The alleged perpetrator of the bloody attack in a Duisburg gym is suspected of having fatally injured a person days earlier. The 26-year-old Syrian suspect is accused of inflicting a significant number of stab and cut wounds on a victim on Easter Sunday, the Düsseldorf public prosecutor said. The victim died a few hours later.

After the evaluation of traces found at the crime scene and on the suspect’s shoes, there is now an urgent suspicion against him because of this act, the Düsseldorf public prosecutor explained in a statement. She therefore took over the investigation into the fatal attack on a 35-year-old on the night of Easter Sunday in Duisburg’s old town. The Mirror and the West German General Newspaper had previously reported on the result of the trace analysis.

Four people were seriously injured in the knife attack on the gym in mid-April. According to information from Wednesday, a 21-year-old was still in mortal danger. The 26-year-old suspect is in custody. Special police units arrested him on Sunday night after information from two of the man’s acquaintances in his Duisburg apartment near the gym.

On Tuesday, the investigators expressed the suspicion that the knife attack in the gym could have been a terrorist attack. There are indications of an Islamist motivation for the arrested person, said spokesman for the Düsseldorf public prosecutor’s office. This was the result of the analysis of the suspect’s mobile phone.

Reul: Suspect’s silence “untypical for an assassin”

The suspect himself is silent in custody. His alleged motives are therefore still unclear, said NRW Interior Minister Herbert Reul (CDU) in the North Rhine-Westphalian Interior Committee. The suspect’s silence is “atypical for an assassin who wants to classify his crime” and also for a gunman who, in his view, has nothing left to lose.

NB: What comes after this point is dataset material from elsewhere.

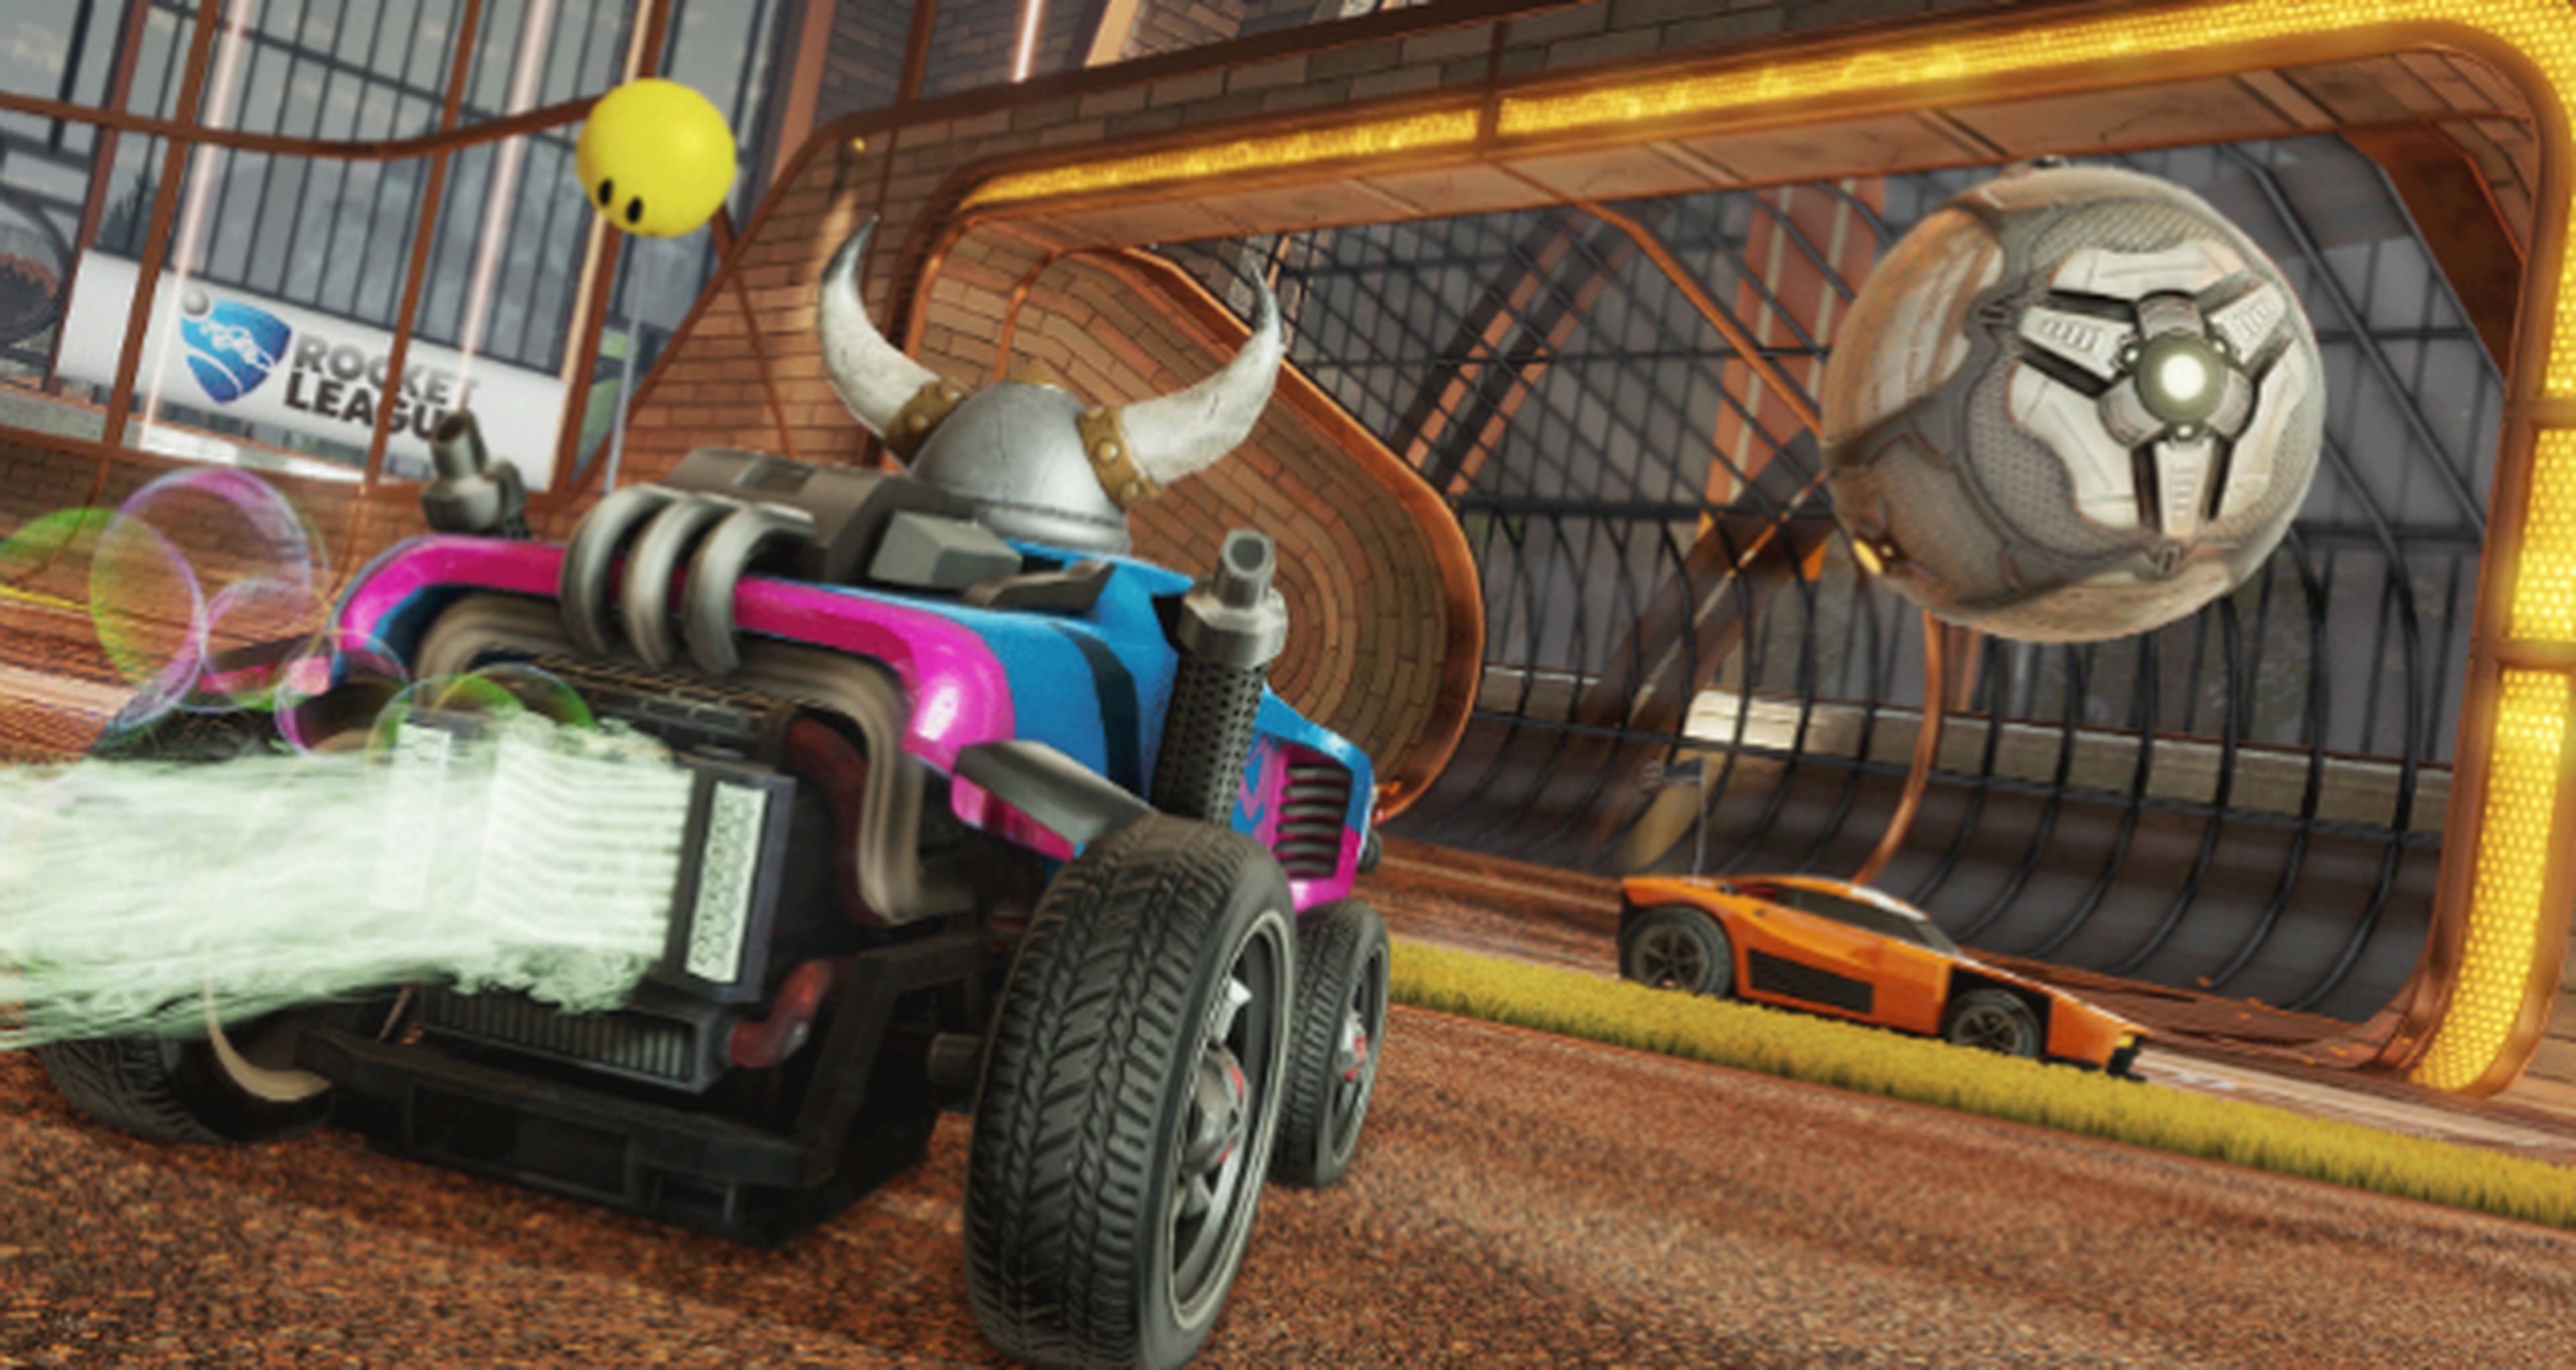 Rocket League tendrá edición en formato físico en PS4 y Xbox One

Texts and images found on the 26-year-old indicated at first glance an Islamist connection, said Reul. But even the act of committing a crime does not go with an attack or an amok act. The perpetrator did not stab at the entrance to the studio, but first went into the changing room. After that he calmly left the building and did not launch any further attacks.

According to earlier information from the police and public prosecutor’s office in Duisburg, the man had applied for asylum in Germany in April 2016. In 2018 he was noticed in two cases of minor property crimes. Both procedures have been discontinued.